Environmentalists and Native Alaskans fear that there is a 3-to- 1 chance that oil drilling will result in a spill, and there is no way to clean that up given conditions in the Arctic. They point out that drilling activities in the leased area threaten crucial habitat for endangered Pacific walrus, including mothers and calves in an area rich in food, the Hanna Shoal. Drilling could cause herds to move away from foraging areas, which are not easy for them to find.

“The oil companies and the government who issues … permits will continue with business as usual and the oil companies will recover. They have reserves to fall back on. We don’t. Once we lose our livelihood, our subsistence way of life, it’s gone for a long, long time.” This is the predicament in which hunter-gatherers and marginal communities around the world are finding themselves.

IN PERU, INDIGENOUS PEOPLES STRUGGLE AGAINST OIL COMPANIES

Not only in the US and Canada, but in Latin America, too, Native Americans have suffered the encroachments of corporations like Shell Oil on their lands. In the Amazon, indigenes led by Alberto Pizango and his organization, AIDESEP [“Interethnic Association for the Development of the Peruvian Rainforest” in English], gained international attention when their nonviolent resistance to oil companies was met by force from the Peruvian government. In 2008, the US and Peru concluded a free trade agreement, under which Peru was to change its laws to allow foreign companies to exploit resources.

Indigenous tribes insisted that some of the new government regulations threatened the safety of their natural resources, and began protests in August 2008. The Peruvian Congress repealed two of the laws required under the agreement, and promised to examine and vote on others. When that didn’t happen, protests and blockades resumed in April 2009.

That summer, clashes with the government turned violent. During a confrontation in the jungle near the town of Bagua on June 5, 2009, forty-one Indians were killed and more than 200 injured when hundreds of nonviolent protesters were attacked by the Peruvian police, The government came under international criticism, particularly from human rights groups, for its brutality in the incident and for undermining press freedom.
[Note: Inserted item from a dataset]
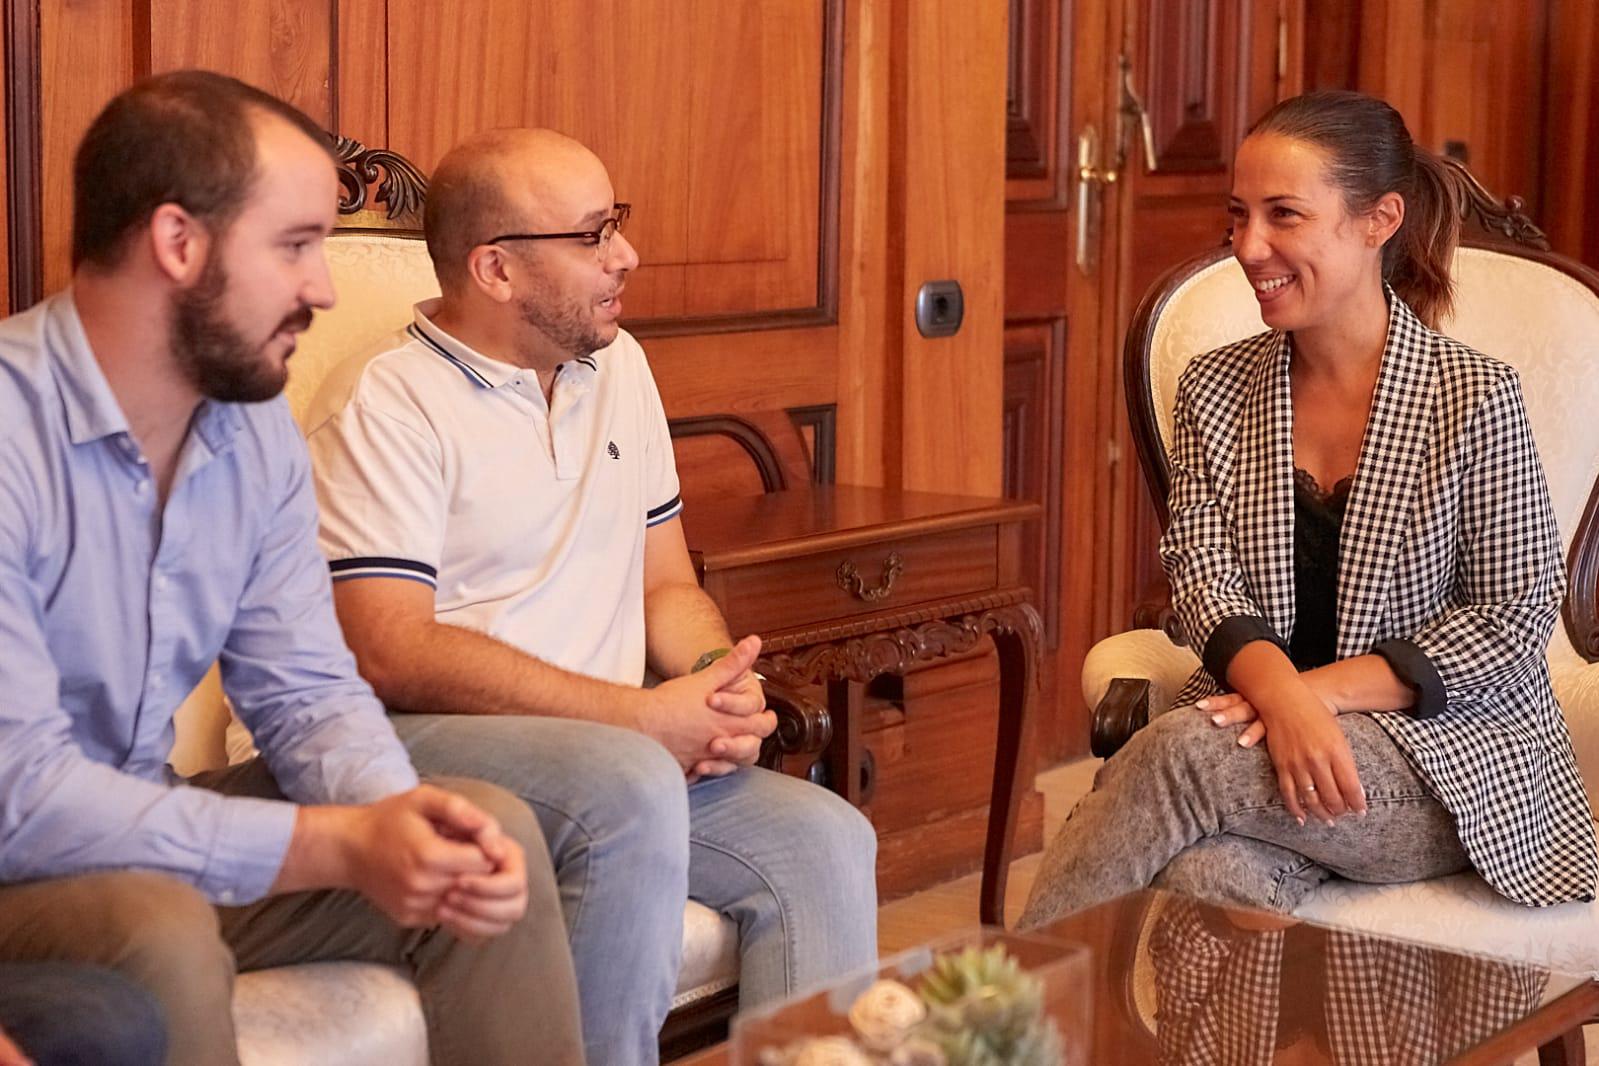 La alcaldesa de Santa Cruz recibe a los músicos internacionales Mollá y Rejano

The Prime Minister later resigned and apologized for failing to consult with the Indians, but Pizango was forced to seek asylum in Nicaragua, and upon his return was arrested on charges of sedition. He and other defendants in the case are currently awaiting the outcome of their trial and are facing life imprisonment.
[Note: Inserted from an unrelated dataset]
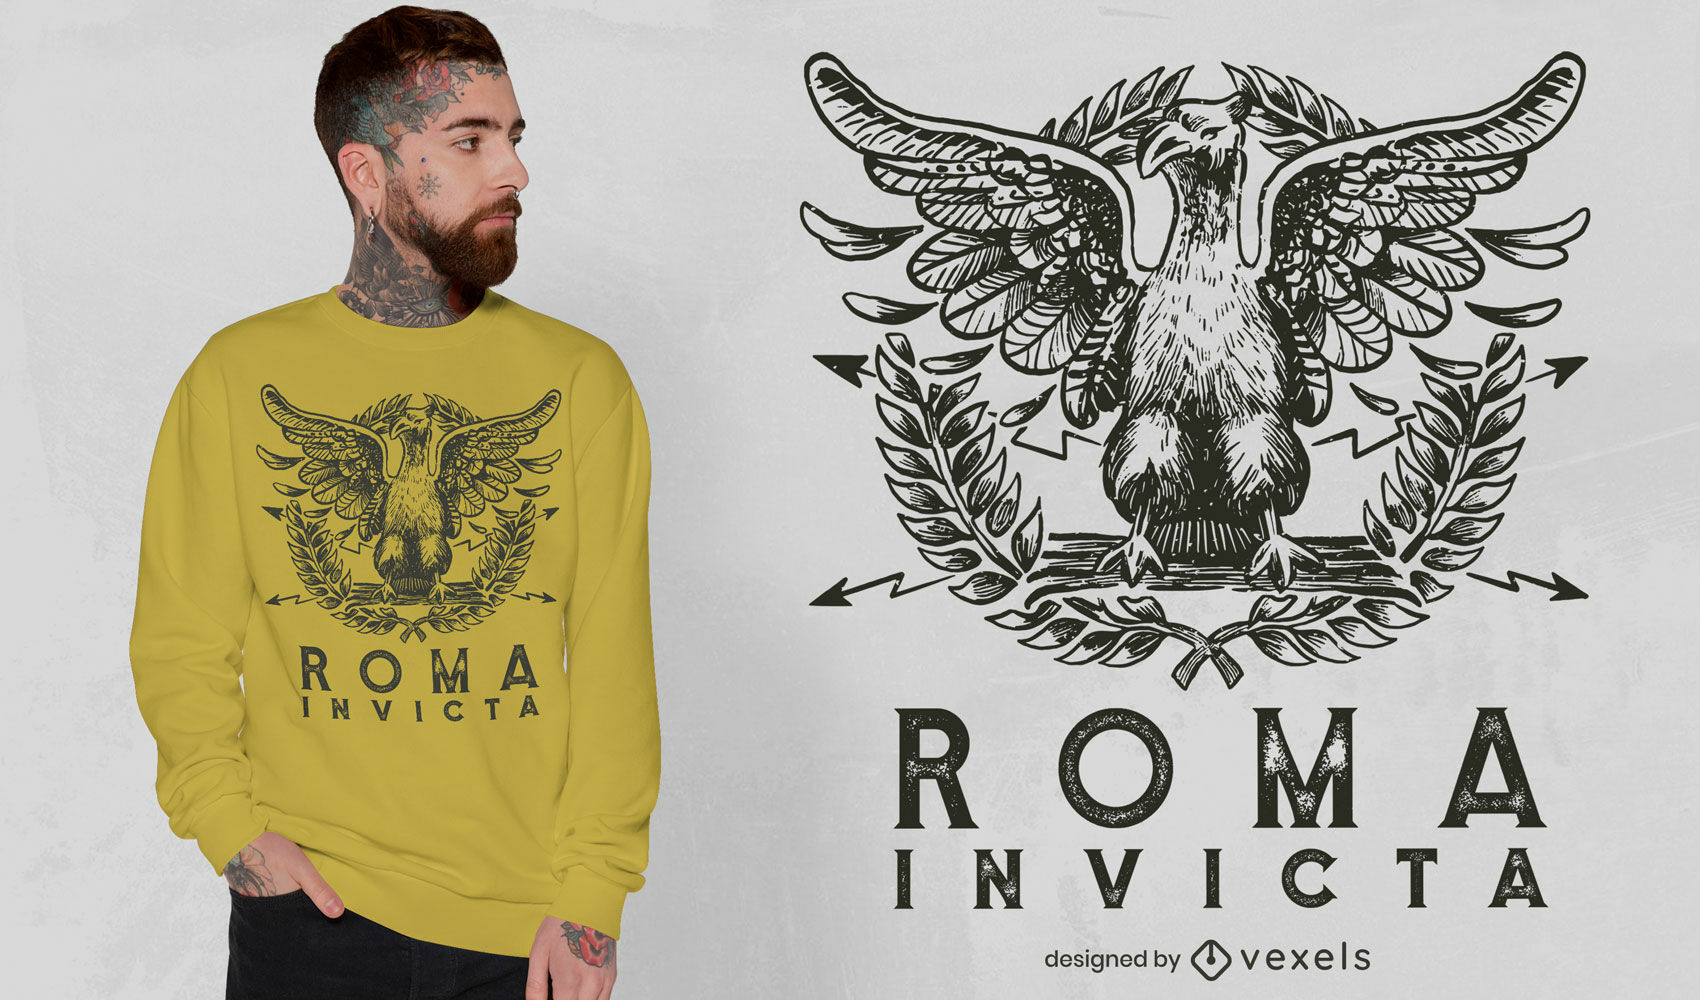 Roma invicta t-shirt design

Other oil companies besides Shell have also been accused of exploiting natural resources and polluting indigenous lands in the Amazon. Occidental Petroleum recently settled a ten-yearlong lawsuit against it by EarthRights Interational and Amazon Watch, who litigated on behalf of the Achuar people on the Corientes River in northern Peru. The suit alleged pollution from oil drilling and was settled out of court. The attorney for EarthRights said that the case could set a precedent because American courts agreed that a company could be sued in the US for damages that company caused overseas.
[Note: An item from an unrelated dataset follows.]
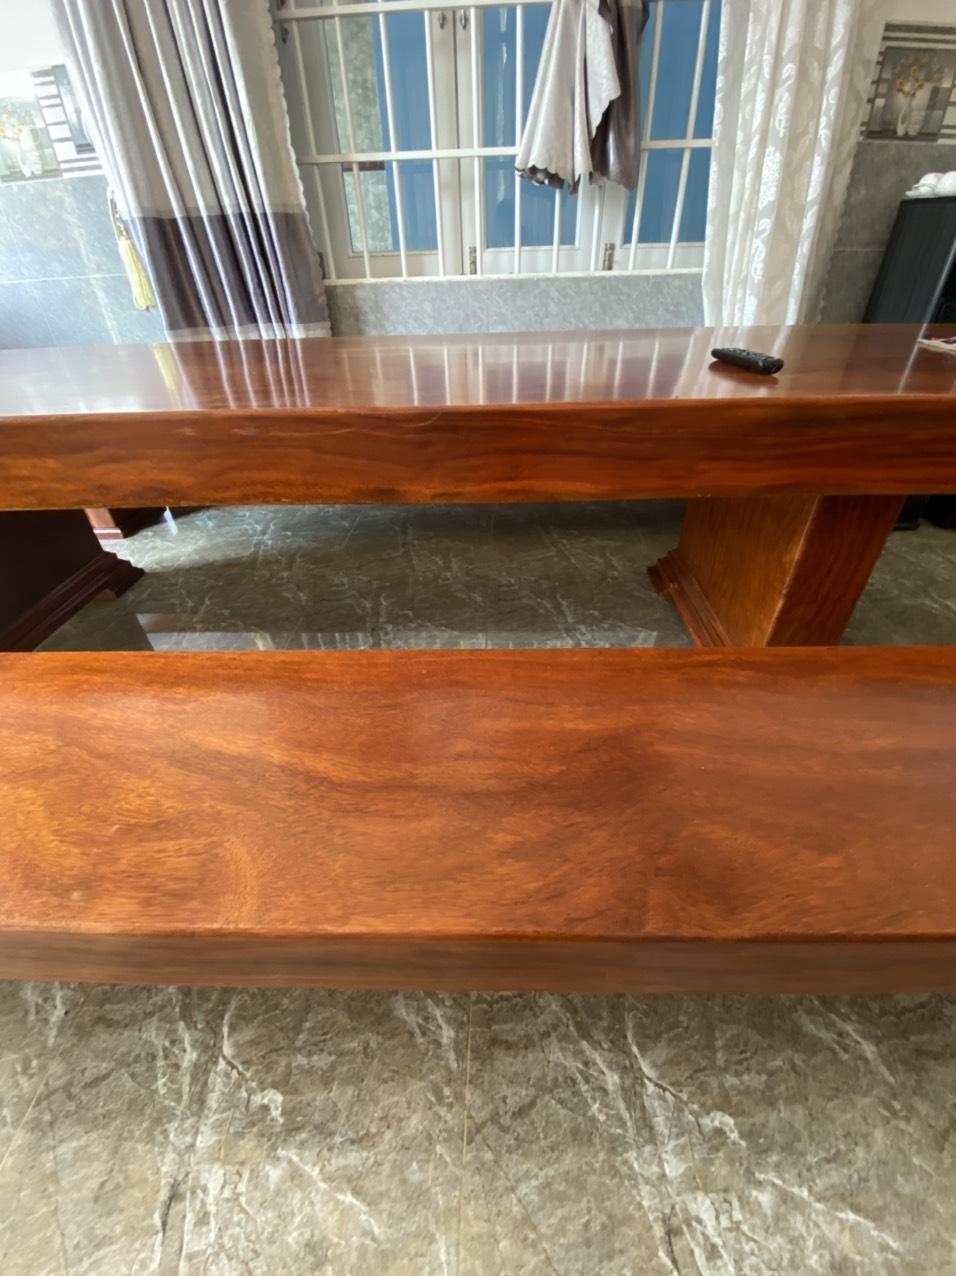 Bán bộ k3 gỗ cẩm nguyên khối dài 3.2m. bàn rộng 90cm dày 16cm. Ghế rộng 40cm dày 14cm. Giá 75tr.

The company had been pumping wastewater from its wells directly into rivers and streams, a practice outlawed in the US. Children had sickened and died from drinking the water. Under the settlement, the Achuar people were awarded money for education, health care, and community development, including activities to raise money and food, such as a fish farm. Their lands are far from cleaned up, though, with high levels of heavy metals, volatile organic compounds and hydrocarbons remaining, and the Indians are asking the Peruvian government why the cleanup is being terminated.

The Achuar are not alone in their struggle against government and big corporations. “Climate change is affecting the whole planet… and everything is out of balance,” Shoshone-Bannock Tribes Vice-Chairman Lee Juan Tyler, told leaders of Northwest tribes at a conference last March. “We need to sit together for our future. Men are going to destroy our own mystical place if we don’t.”